しばらく睨み合っていた二人。ここでブラックが動く。ゆっくりと右手を上げ、人差し指をレムリアに向ける。その瞬間、指先から電撃が放たれた。その電撃は一瞬で距離を詰め、レムリアの身体を貫く。そしてその場で膝をつくはずだった。
「やはり魔王。このくらいでは効かないか。」
「雷にしては遅くないか?」
「今のはちょっとした挨拶さ。なぜこの俺様がサンダーボルトと呼ばれているか、たっぷりと味わわせてやる。」
両手を広げ電撃を放つ。レムリアはそれを確認し、すぐに回避する。逃げたレムリアを追うブラック。身体に帯電させ、身体能力を上げている。走りながら電撃を放っており、このままレムリアを追い込む算段だ。しかし、レムリアはそれをひょいひょいと躱していく。

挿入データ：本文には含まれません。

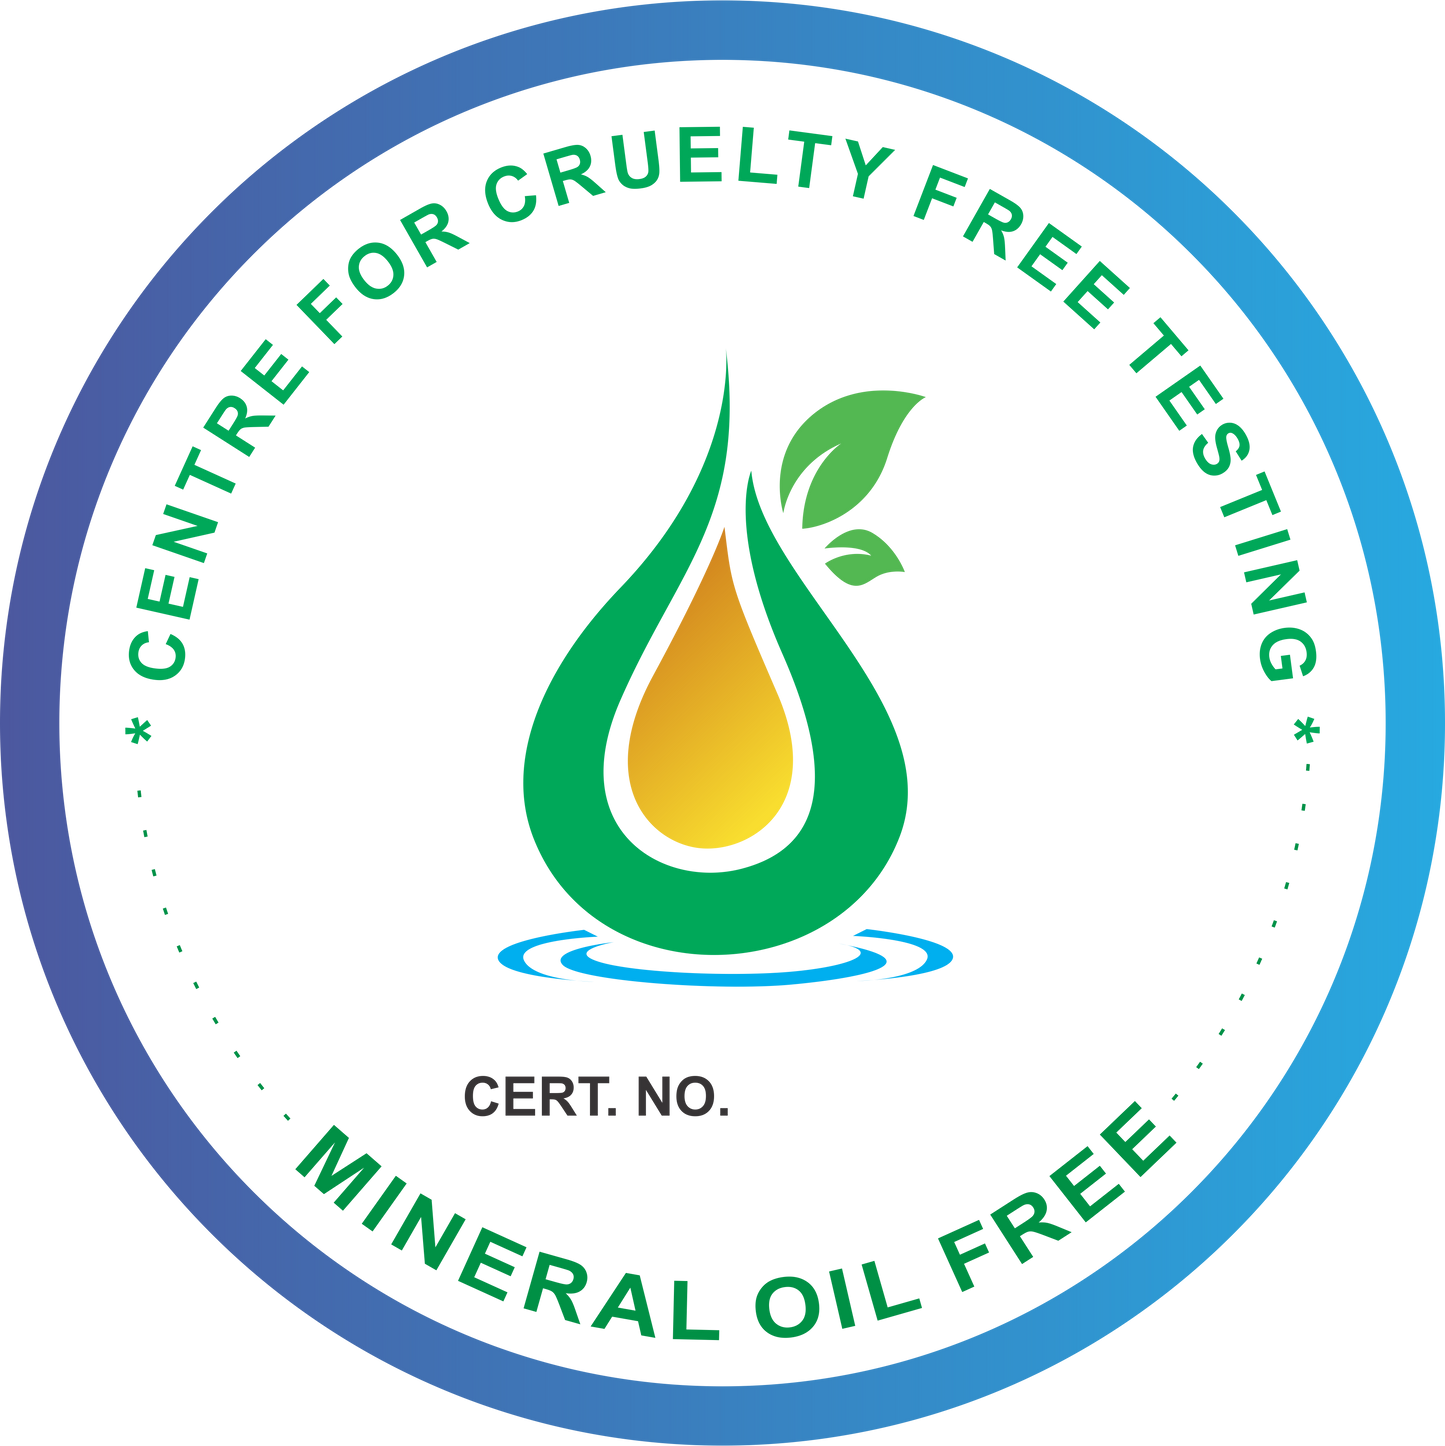 Mineral Oil Free

いつまでも逃げ続けるレムリアに苛立ちを覚えたブラックは電気の出力を高め、レムリアに急接近し、バチバチに帯電させた右拳で殴りにかかる。その瞬間、今まで背中を向けて逃げていたレムリアが急に振り向きその拳を素手で受け止める。
「おうおうおう!面白えじゃねーかよ!」
普通であれば感電しながら吹っ飛ぶ攻撃を、難なく受け止めるレムリアを見てテンションが上がるブラック。すぐに蹴りを入れる。レムリアも同じく蹴りを入れ、ブラックから距離を取る。
「サンダーボルト…なるほど。なぜゴブリンが魔王なのか、と思っていたが、その理由が分かったよ。確かに強い。しかし、その電撃なら対処出来るぞ。」
ブラックの電撃は喰らうとビリビリくる。しかし、レムリアは電撃の受け流し方をアメジストから伝授していたのだ。
「なら、やってみろやぁ!」
ブラックは両手を前に出し、電撃を乱れ撃つ。それに対しレムリアは左手を前に出し構える。ブラックから放たれた電撃は全てレムリアの左手に吸い込まれ、身体を通り地面に流される。レムリアは全身の痺れを感じつつも、身体の具合を確かめるかのように各部位をゆっくり動かす。
「ふっ、面白え。じゃぁ、こんなのはどうだ?」
ブラックは全身に電気を張り巡らせる。そしてすっと脱力した瞬間、レムリアへと一気に距離を詰める。そのスピードは宛ら稲妻のようだった。一瞬のうちに距離を詰めたブラックはそのままのスピードでレムリアのお腹に正拳突きを繰り出す。この攻撃を防ぐには、そのスピードに勝る速さで防御するか、鉄壁の防御力で耐えるか。ブラックはこの最速の攻撃に自信を持っていた。これを防ぐ事が出来るのは魔王クラスの者。目の前にいるこのレムリアがこの攻撃を防ぐ事が出来なければ、魔王失格。そのまま倒し、自国へ奴隷として迎え入れるつもりだ。
ブラックはレムリアを気に入らなかった。見るからに弱そうな見た目で千年前に一度死んでいるという。つまりは敗者だ。そんなレムリアが堂々としている事が許せなかった。ブラックは、力こそ全てという考えの持ち主。一度負けた奴に発言権は無いと思っている程だ。だからこの戦いで目の前にいる一度復活した魔王を見定めようとしていた。目の前にいる少女の姿をした魔物が本当に魔王なのか否かを。